Absolute Value and Inequality - Examples, Exercises and Solutions

To solve the equation $\left|-2x\right|=16$, we consider the definition of absolute value:

1. The expression inside the absolute value can be either positive or negative, but its absolute value is always positive.

2. Therefore, we set up two equations to solve:

$-2x = 16$ and $-2x = -16$

3. Solving the first equation:

$-2x = 16$

4. Divide both sides by -2:

$x = -8$

5. Solving the second equation:

$-2x = -16$

6. Divide both sides by -2:

$x = 8$

7. Therefore, the solution is:

$x=-8$ , $x=8$

To solve $\left|-3x\right|=15$, we consider both potential cases stemming from the absolute value:

1) $-3x=15$:

Divide both sides by $-3$ to get $x=-5$.

2) $-3x=-15$:

Divide both sides by $-3$ to get $x=5$.

Thus, the solutions are $x=-5$ and $x=5$.

To solve the equation $\left|3x\right|=21$, we consider the definition of absolute value:

1. The expression inside the absolute value can be either positive or negative, but its absolute value is always positive.

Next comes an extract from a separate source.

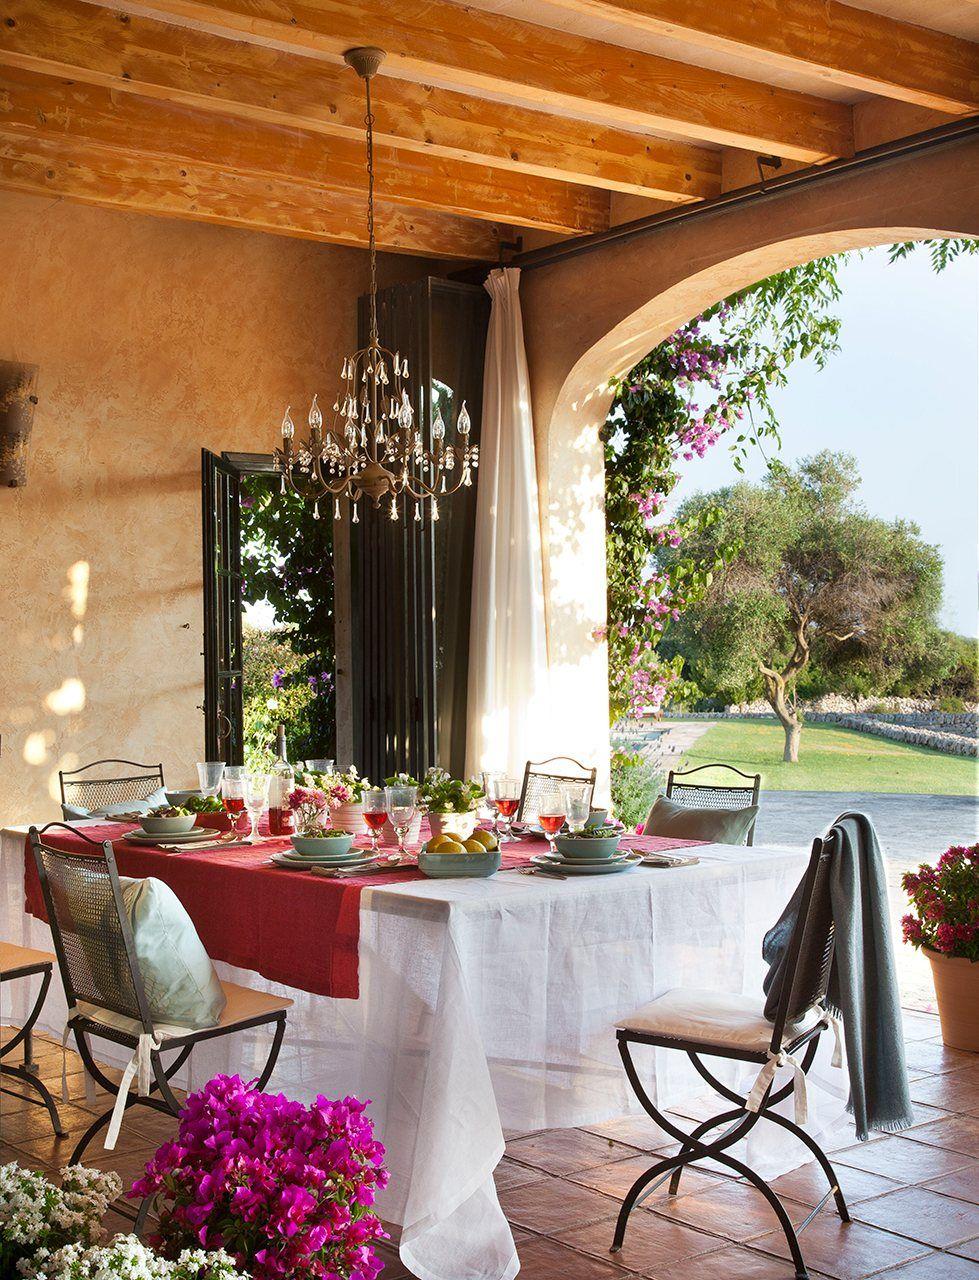 4 comedores de verano para inspirarte for Comedores de terraza chile

2. Therefore, we set up two equations to solve:

$3x = 21$ and $3x = -21$

3. Solving the first equation:

$3x = 21$

4. Divide both sides by 3:

$x = 7$

5. Solving the second equation:

$3x = -21$

6. Divide both sides by 3:

$x = -7$

7. Therefore, the solution is:

$x=-7$ , $x=7$

To solve the equation $\left|-4x\right|=12$, we consider the definition of absolute value:

1. The expression inside the absolute value can be either positive or negative, but its absolute value is always positive.

2. Therefore, we set up two equations to solve:

$-4x = 12$ and $-4x = -12$

3. Solving the first equation:

$-4x = 12$

4. Divide both sides by -4:

$x = -3$

5. Solving the second equation:

$-4x = -12$

6. Divide both sides by -4:

$x = 3$

7. Therefore, the solution is:

$x=-3$ , $x=3$

Let's solve the equation $-\left|x\right|=15$. Since the expression inside the absolute value can be either positive or negative, we consider two scenarios:

1. $-x = 15$: This implies $x = -15$.

2. $-(-x) = 15$: This simplifies to $x = 15$.

Thus, the solutions are $x = -15$ and $x = 15$.

The equation is $\left|x\right|=3$, which implies that $x$ can be 3 or -3. Hence, the solutions are $x=3$ and $x=-3$.

The equation is $\left|x\right|=4$. This means that the value of $x$ can be either 4 or -4. Thus, the solutions are $x=4$ and $x=-4$.

The equation is $\left|x\right|=6$, so $x$ could be 6 or -6. Therefore, the solutions are $x=6$ and $x=-6$.

The equation is $\left|x\right|=7$, which means that the absolute value of $x$ is 7. Therefore, $x$ could be 7 or -7. Thus, the solutions are $x=7$ and $x=-7$.

Let's solve the equation $-\left|x\right|=8$. The expression inside the absolute value can take two forms:

1. $-x = 8$: This gives $x = -8$.

2. $-(-x) = 8$: This simplifies to $x = 8$.

Therefore, the solutions are $x = -8$ and $x = 8$.

To solve $\left| a - 2 \right| = 6$, consider the cases:

1. $a - 2 = 6$ leads to $a = 8$

2. $a - 2 = -6$ leads to $a = -4$

Thus, the solutions are $a = 8$ and $a = -4$.

To solve the equation $\left|x+4\right|=10$, we split it into two separate equations:

1. $x+4=10$

2. $x+4=-10$

For the first equation:

$x+4=10$

Subtract 4 from both sides:

$x=6$

For the second equation:

$x+4=-10$

Subtract 4 from both sides:

$x=-14$

Thus, the solutions are $x=6$ and $x=-14$.

To solve $\left| y - 3 \right| = 7$, we need to consider the two possible cases for the absolute value equation.

1. $y - 3 = 7$ leads to $y = 10$

2. $y - 3 = -7$ leads to $y = -4$

Thus, the solutions are $y = 10$ and $y = -4$.

To solve $\left| z + 4 \right| = 12$, consider the two cases:

1. $z + 4 = 12$ gives $z = 8$

2. $z + 4 = -12$ gives $z = -16$

Thus, the solutions are $z = 8$ and $z = -16$.

To solve the equation $2|x - 4| = 10$, divide both sides by 2. This gives $|x - 4| = 5$.

The absolute value equation $|x - 4| = 5$ implies that $x - 4 = 5$ or $x - 4 = -5$. Solving these equations:

1. $x - 4 = 5$ gives $x = 9$.

2. $x - 4 = -5$ gives $x = -1$.

Thus, the solutions are $x = 9$ and $x = -1$.